EBSA has issued multiple requests for comments and guidance over the past couple of decades in connection with the MHPAEA. EBSA’s guidance includes 2013 final regulations, a self-compliance tool, 2019 FAQs (in which it listed examples of nonquantitative treatment limitations or NQTLs), and 2021 FAQs (in which it announced that it would begin investigating plans for compliance with the NQTL comparative analysis documentation requirements that became effective that year). One thing all of the prior guidance has in common is a failure to acknowledge that the employer, who’s usually ultimately accountable for compliance, has virtually no way to assess whether its group health plan complies with the mental health parity requirements. Except in rare circumstances, employers don’t select network providers, don’t negotiate reimbursement rates, don’t determine what preauthorization requirements will apply for what covered services, don’t know what’s medically necessary, and don’t know what claims have been approved or denied or why. So, for employers, the road to compliance is like driving through a construction zone without navigation and with multiple speed traps and caution signs posted in a foreign language. Employers need a roadmap and a way to navigate the many obstacles and construction zones on the route to compliance.
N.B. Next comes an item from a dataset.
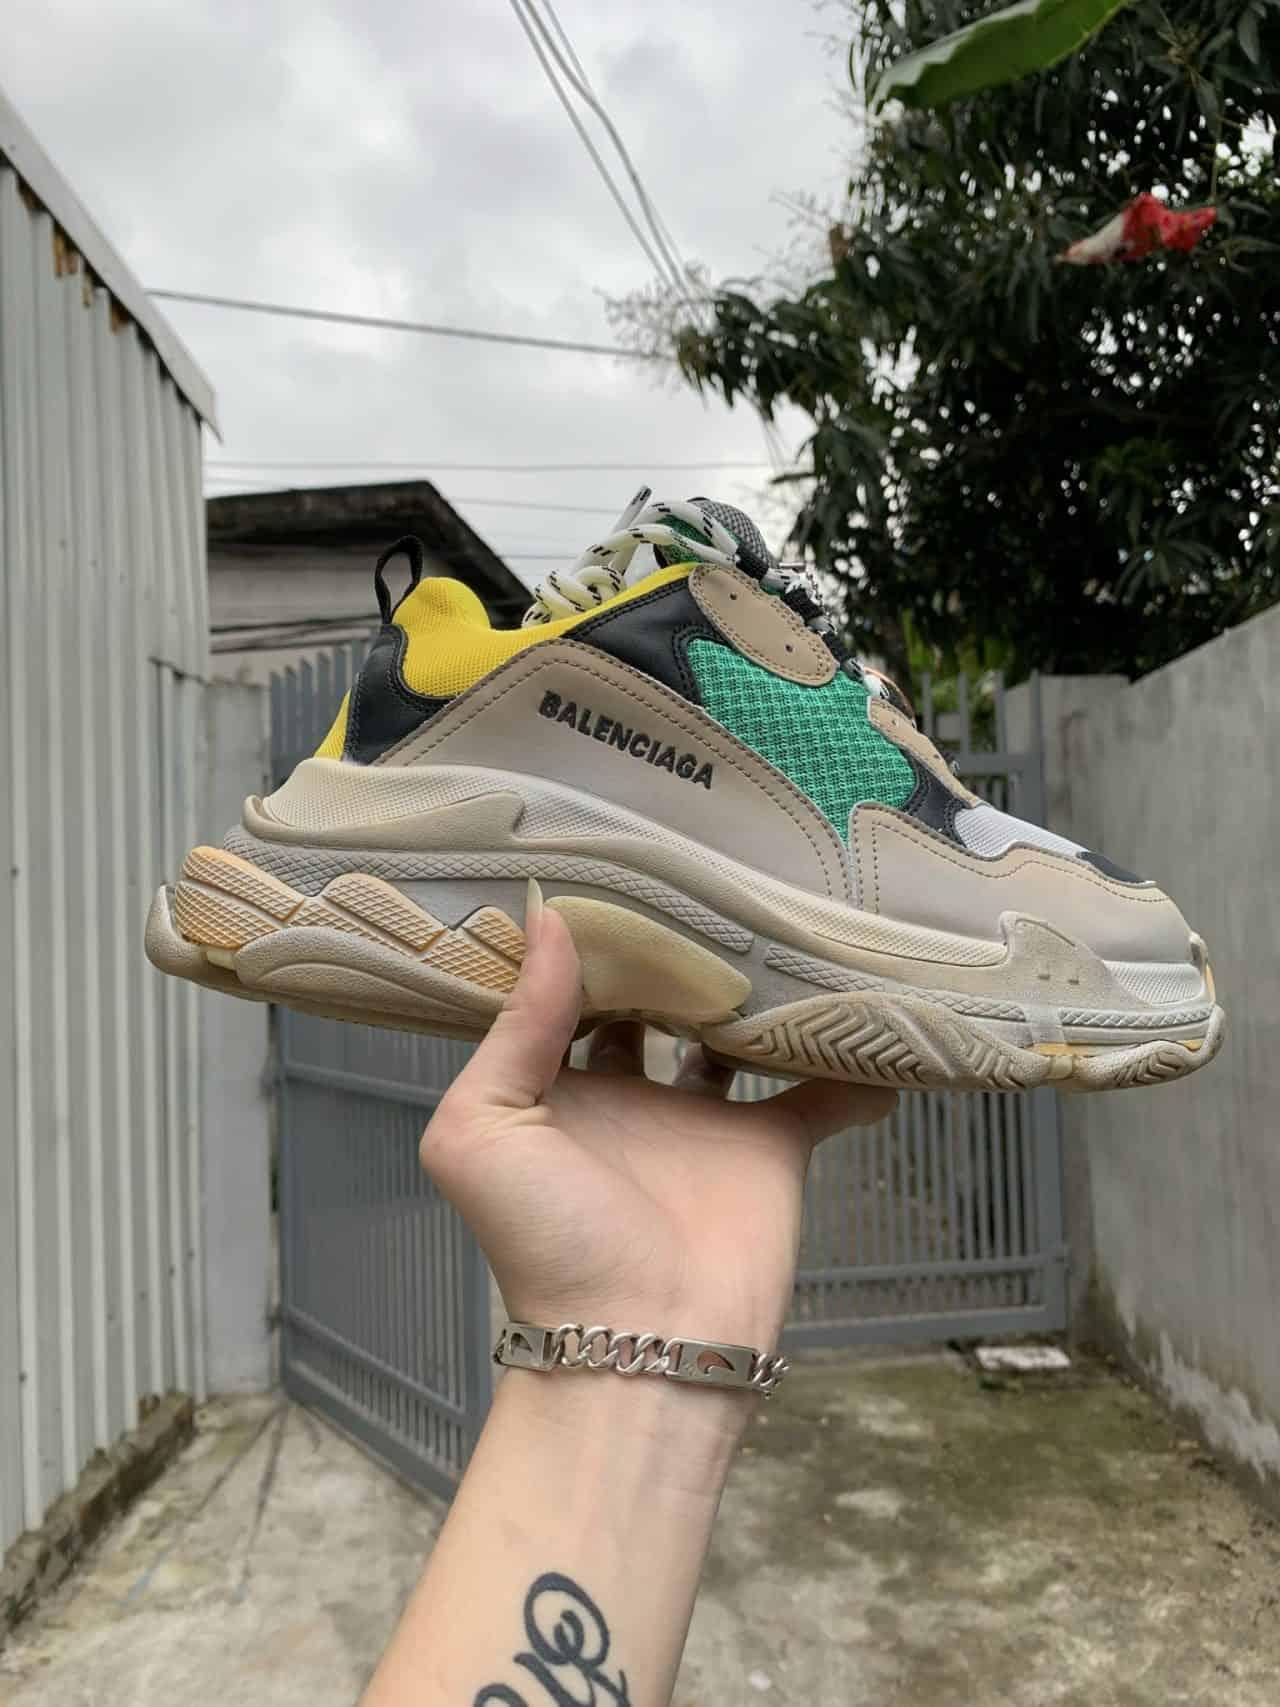 Giày Balenciaga rep 1:1 thể hiện được độ ngầu và chất

The recently-issued proposed regulations we blogged about last month are somewhat helpful because they provide more specific information about what data plans must collect and consider in order to design and apply NQTLs. This includes evaluating historical data comparing in- and out-of-network utilization rates and provider reimbursement rates – information the employer has to extract from the plan’s third-party administrator. While EBSA acknowledged the challenges employers face in collecting and evaluating the data needed to determine compliance, it still expects plans to show the analysis undertaken and the steps taken to mitigate material differences in access to MH/SUD benefits compared to M/S benefits. The EBSA (and other federal agencies) annual reports to Congress, which describe the agencies’ findings in enforcement investigations and highlight the agencies’ primary concerns regarding mental health parity, are also potentially helpful. For example, chief among the concerns highlighted is network adequacy. The agencies cite what’s been reported as a “growing disparity” in in-network reimbursement rates between MH/SUD providers and M/S providers, which drives down MH/SUD providers’ network participation and, therefore, increases the cost of MH/SUD services for patients.

How Employers Can Navigate A Road That’s Still Under Construction

It’s obvious that federal agencies are still gathering the information they think is relevant and necessary to provide meaningful guidance and enforcement. So, for now, employers should develop and document a compliance program using what is available to show a good faith effort to comply with the MHPAEA, including the NQTL comparative analysis requirement.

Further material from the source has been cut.